While lawyers may rest easy thinking that depositions in confidential cases remain sealed from the public, this may not be the case. Such transcripts by court reporters may be a matter of public record.
The New York Times sent shock waves through the legal community when it obtained deposition records of sealed testimony by Bill Cosby from a court reporting service. Cosby had kept the deposition private all these years for good reason.
In 2005, Cosby discussed how he manipulated women for sex acts and hid his philandering from his wife. He did so as part of a deposition for a lawsuit filed by a woman who had accused him of drugging and molesting her.
Legal wrangling by the defense team of a woman who had testified in 2005 claimed that pronouncements made by the Cosby team had violated the confidentiality agreement between Cosby and their client and that it should be made public.

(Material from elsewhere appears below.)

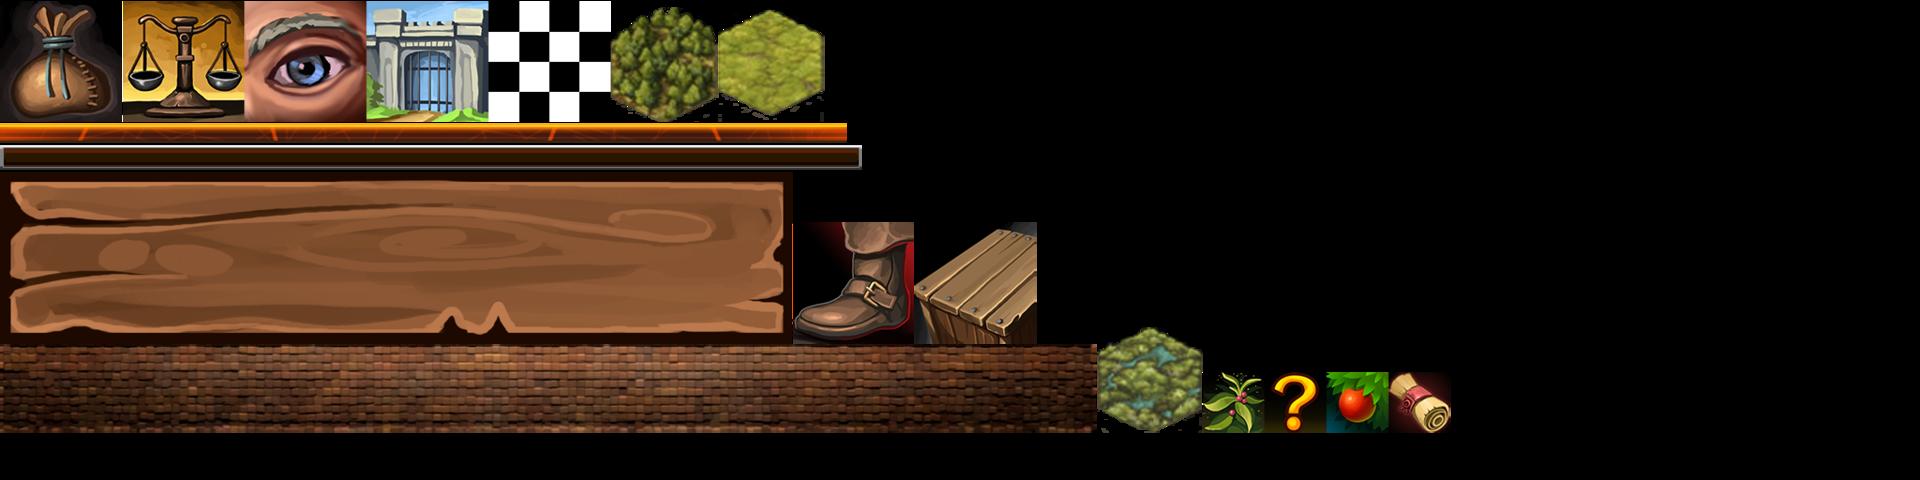 LibGDX + Scene2d (программируем на Kotlin). Часть 2 - 1

This turned out to be unnecessary since the New York Times subsequently learned that the court reporting service that took the deposition considered it to be publicly available.
Georgia trial lawyer John C. Amabile discussed the issue of confidentially agreements in the Daily Report. He considers the Cosby case a lesson that lawyers should consider that they may need to additional measures to protect the confidentiality of an agreement.
He stated that the days of keeping depositions confidential may be over if some court reporting services consider these transcripts to be publicly available. Amabile expects Cosby’s lawyers to litigate whether the term “vendor” includes court reporters. He also advises lawyers to take this case to heart and consider using additional protections to protect the confidentiality of depositions.